設定だけを考えると、何が面白いんだろうと思う。この面白さを伝えるのは「水曜どうでしょう」を全く知らない人にそれを伝えるのと同じくらい難しいと思う。これは恐らく、言葉で伝える類の面白さではないのだろう。

何が面白いのかはよく分からない。でも、どこか放ってはおけなくて、アップされると何となく読んでいる。ツイッターにアップされ、ウェブで楽しむことが出来る。そういう読み方が非常によく合っているのだ。

大相撲人気がどん底の2010年に始まり、人気を獲得すると、ウェブだけではなく単行本として出版され、それだけでは飽き足らず、NHK Eテレでも放送され、更には大相撲アプリにまで進出となった。このような作品、存在は「すもうねこ」だけだったと思う。

続けられる「凄さ」

この作品の面白いところは、作者が明らかに相撲が好きだということだ。
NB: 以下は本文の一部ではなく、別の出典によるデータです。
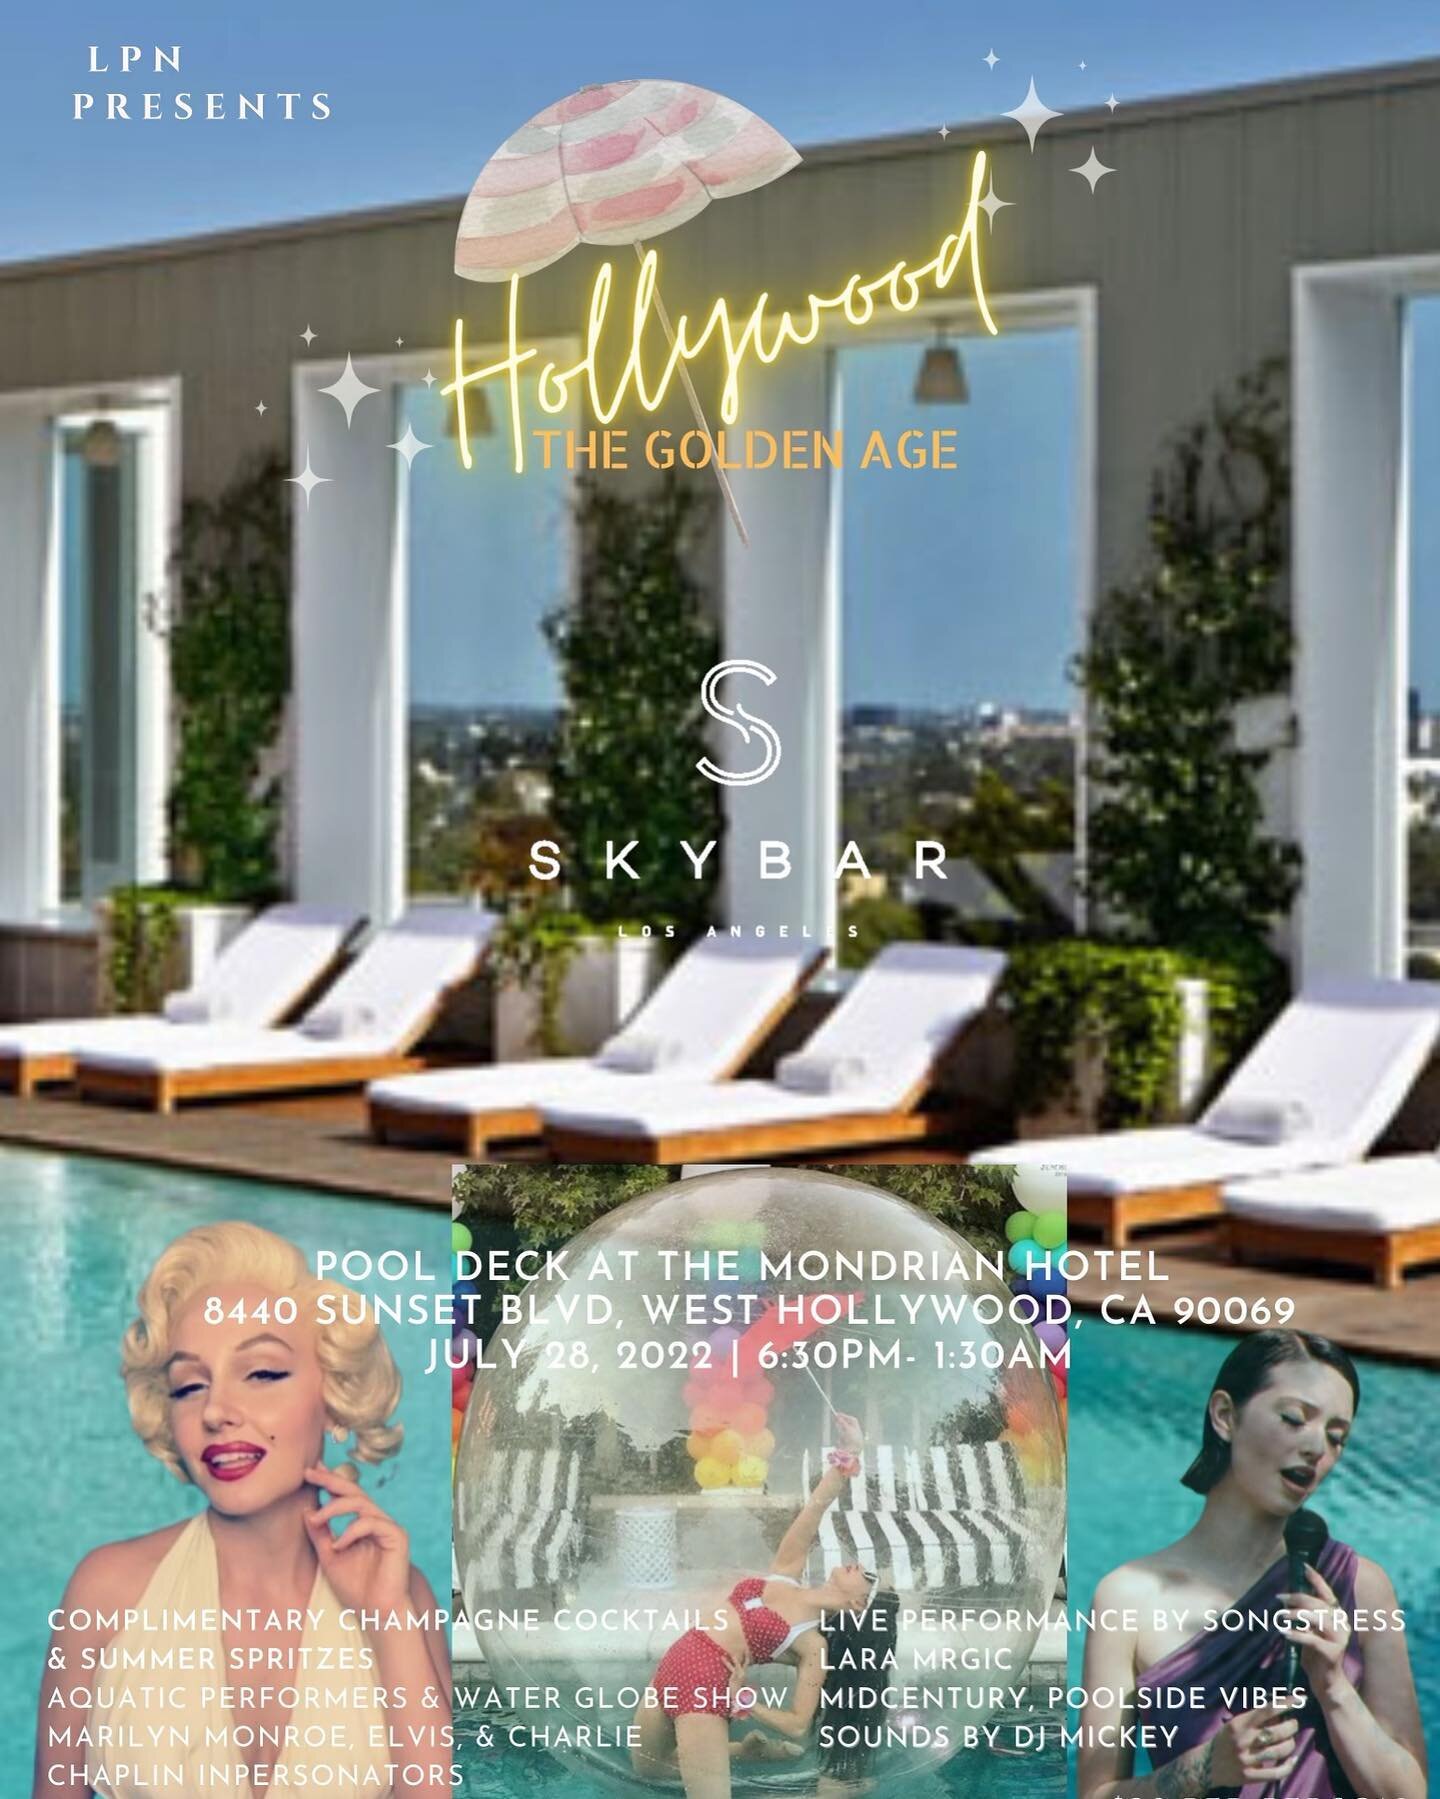 LPN's Summer Soiree,&quot;Hollywood- The Golden Age&quot; is this Thursday at the Skybar Pool Deck of the Mondrian Hotel. Thursday July 28, 2022, 6:30pm-1:30am. Travel back in time to 1950s Hollywood while networking Poolside with hundreds of profess

思い付きの設定というよりは、作者のはすまるさんが相撲が好きということが起点となって漫画が描かれているのだ。その競技に魅せられ、書きたい世界が有るからこそ、彼女は1000回以上も「すもうねこ」を描くことが出来たのである。そうでなければ、かなり早い段階でネタ切れを起こしてしまうことは確実だ。

形は違えど、私も2011年に「幕下相撲の知られざる世界」を始めた。どん底の頃から相撲の楽しさを描いてきた、いわば同志である。

低迷から立ち直り、相撲人気はV字回復し、黄金時代を迎えたと思われたところで不祥事が起こり、大相撲はまた世間との闘いを余儀なくされた。これが、はすまるさんが「すもうねこ」を描いてきた8年の間の出来事だ。たかだか8年と思うかもしれない。だが、それでも8年だ。小学校に入学したばかりの子供が、中学3年生になるだけの年月である。これはもう、一つの時代だ。

同じ時代に同じ志を抱いたものが、役目を終える。寂しいことだが、作品には終わりがやってくる。そう考えると、日々の相撲について書くというフィールドだからこそ私は今も続けられているのかもしれない。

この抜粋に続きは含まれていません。